I know what you’re thinking… Those are some slippery words you’re using there, Suzi!
What exactly do you mean by consciousness? And how are neuroscientists measuring complexity?
Great questions. I’m glad you asked.
In neuroscience, a common way to understand consciousness is to split it into three categories:
States of consciousness — like being awake, asleep, in a coma, under anaesthesia, or tripping on psychedelics.
Contents of consciousness — the specific things you’re aware of in any given moment, like a face, a sound, a memory, or the colour red.
Self-consciousness — the sense that you are the one having those experiences.
In this essay, let’s just focus on the first two.
To test for states of consciousness, scientists might ask whether a person can follow simple commands, like squeeze my hand. For contents of consciousness, they might ask someone to respond to a specific stimulus. For example, press a button if you see a house.
We use tools like EEG, MEG, fMRI, or TMS to record patterns of brain activity while asking these kinds of questions. That way, we can compare what the brain looks like when someone is consciously responding — and when they’re not. These patterns are known as neural correlates of consciousness, or NCCs. (And yes, they’re controversial. But let’s leave that can of worms for another day.)
Complexity, meanwhile, is also measured in a bunch of ways. But almost all of them come from information theory. Some use Shannon entropy. Others look at how easily brain signals can be compressed — something similar to algorithmic complexity. The general idea is that more complex signals are less predictable. They’re harder to summarise, and harder to compress.2
Take sleep, for example.
When we are in deep non-REM sleep — when dreaming is rare — EEG signals tend to be slow, repetitive, and highly predictable. These are the big, rolling brain waves known as delta waves. But when we are awake, the brain’s electrical activity speeds up. It gets messier, more varied, and harder to predict.
Now imagine running both sets of EEG data — sleep and awake — through a compression algorithm. The sleep data, with its repetitive patterns, is easier to compress. The awake data, full of variation, takes up more space. In other words, the file size for the awake brain is bigger than the file size for the sleeping brain.
So, we say the brain signals we find during sleep are less complex than the ones we find when we’re awake.
Most of the research linking complexity to consciousness has focused on states of consciousness — those broad conditions like being awake, asleep, anaesthetised, or in a coma.
The findings have been so consistent that complexity measures are starting to show up in clinical settings, too. Some doctors have used them to help distinguish between patients who are in a vegetative state and those in a minimally conscious state — conditions where a person might appear unresponsive, but still retain some inner awareness.

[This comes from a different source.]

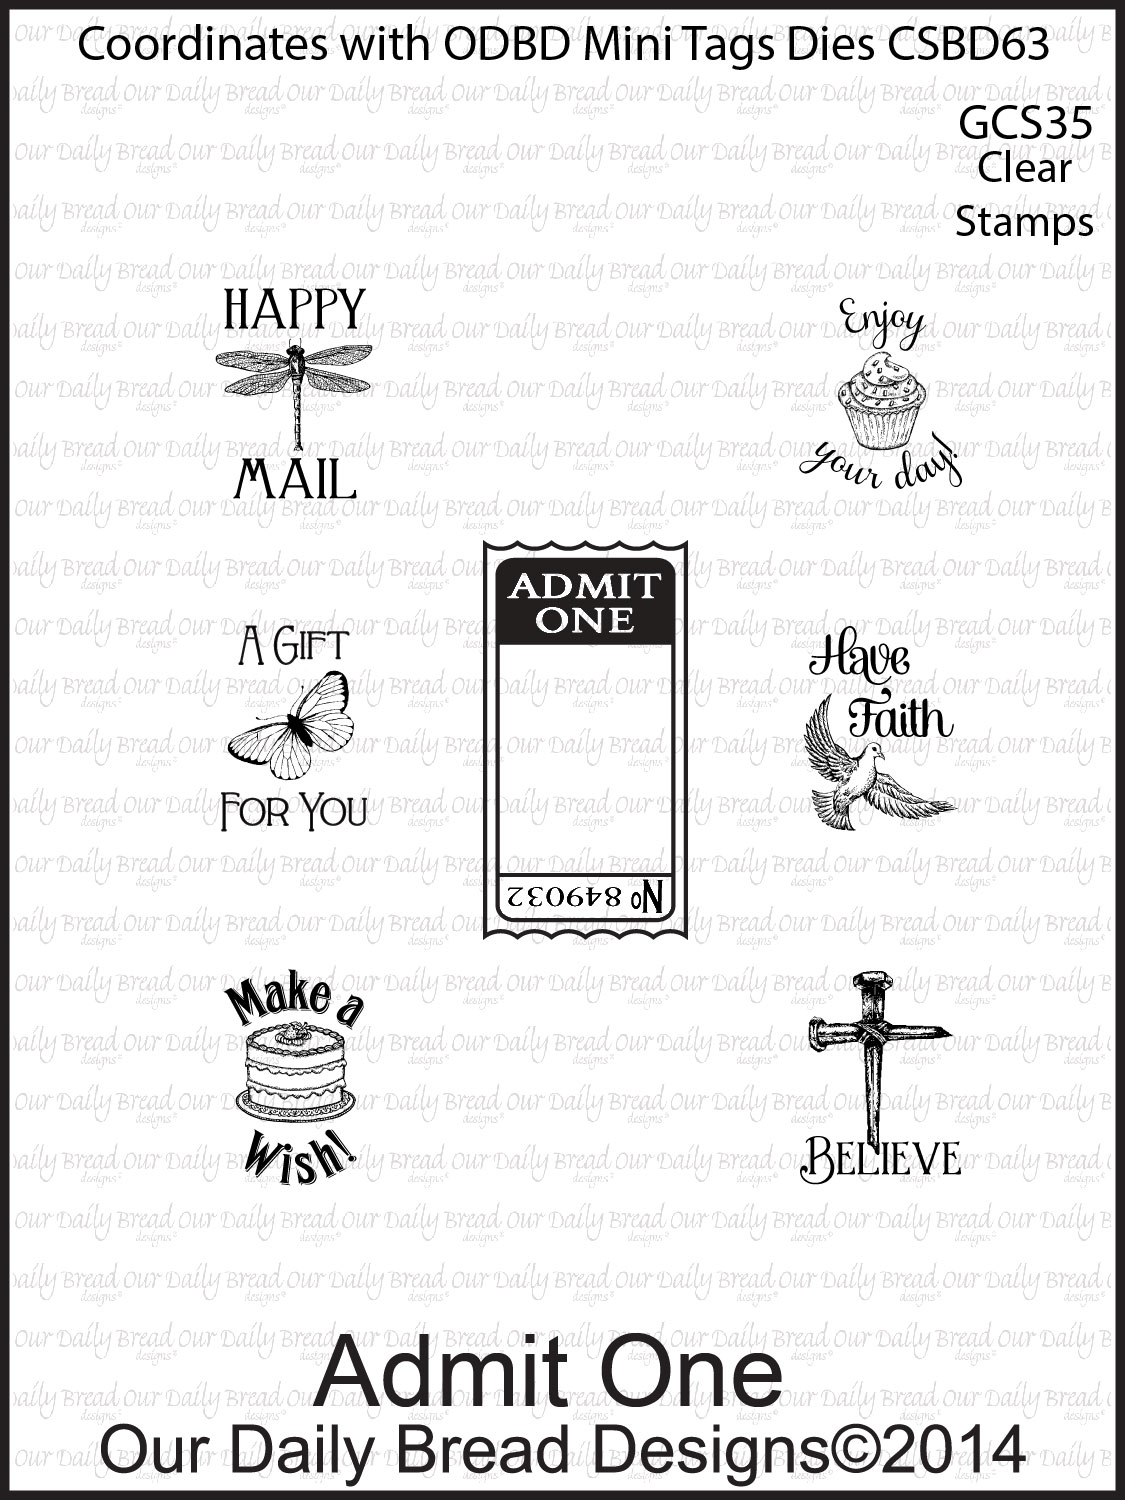 https://www.ourdailybreaddesigns.com/index.php/gcs35-admit-one-clear-stamps.html

But the link between complexity and consciousness doesn’t just show up in states of consciousness. There’s also evidence that complexity tracks the contents of consciousness, too.
In one clever study, participants watched a short film — played forward and backward. The visual input was identical in both cases: same scenes, same colours, same lighting. But only the forward version made narrative sense. The researchers found that brain activity was significantly more complex during the forward viewing than the backward one.
Using dozens of different complexity measures and a wide variety of brain imaging techniques, the same pattern keeps showing up: Complex brain activity tends to go hand-in-hand with conscious experience.
Q2: Where does the data start to break down?
If this story sounds a little too neat for neuroscience, you’re right to be suspicious.
It is true that complexity measures usually rise with consciousness and drop when it disappears. That is a robust finding — there have been hundreds of studies.
But it’s not the whole story. The story is complicated in a few ways — but let’s focus on the fact that there are exceptions to the — usual.
Sometimes complexity measures go up when consciousness measures goes down.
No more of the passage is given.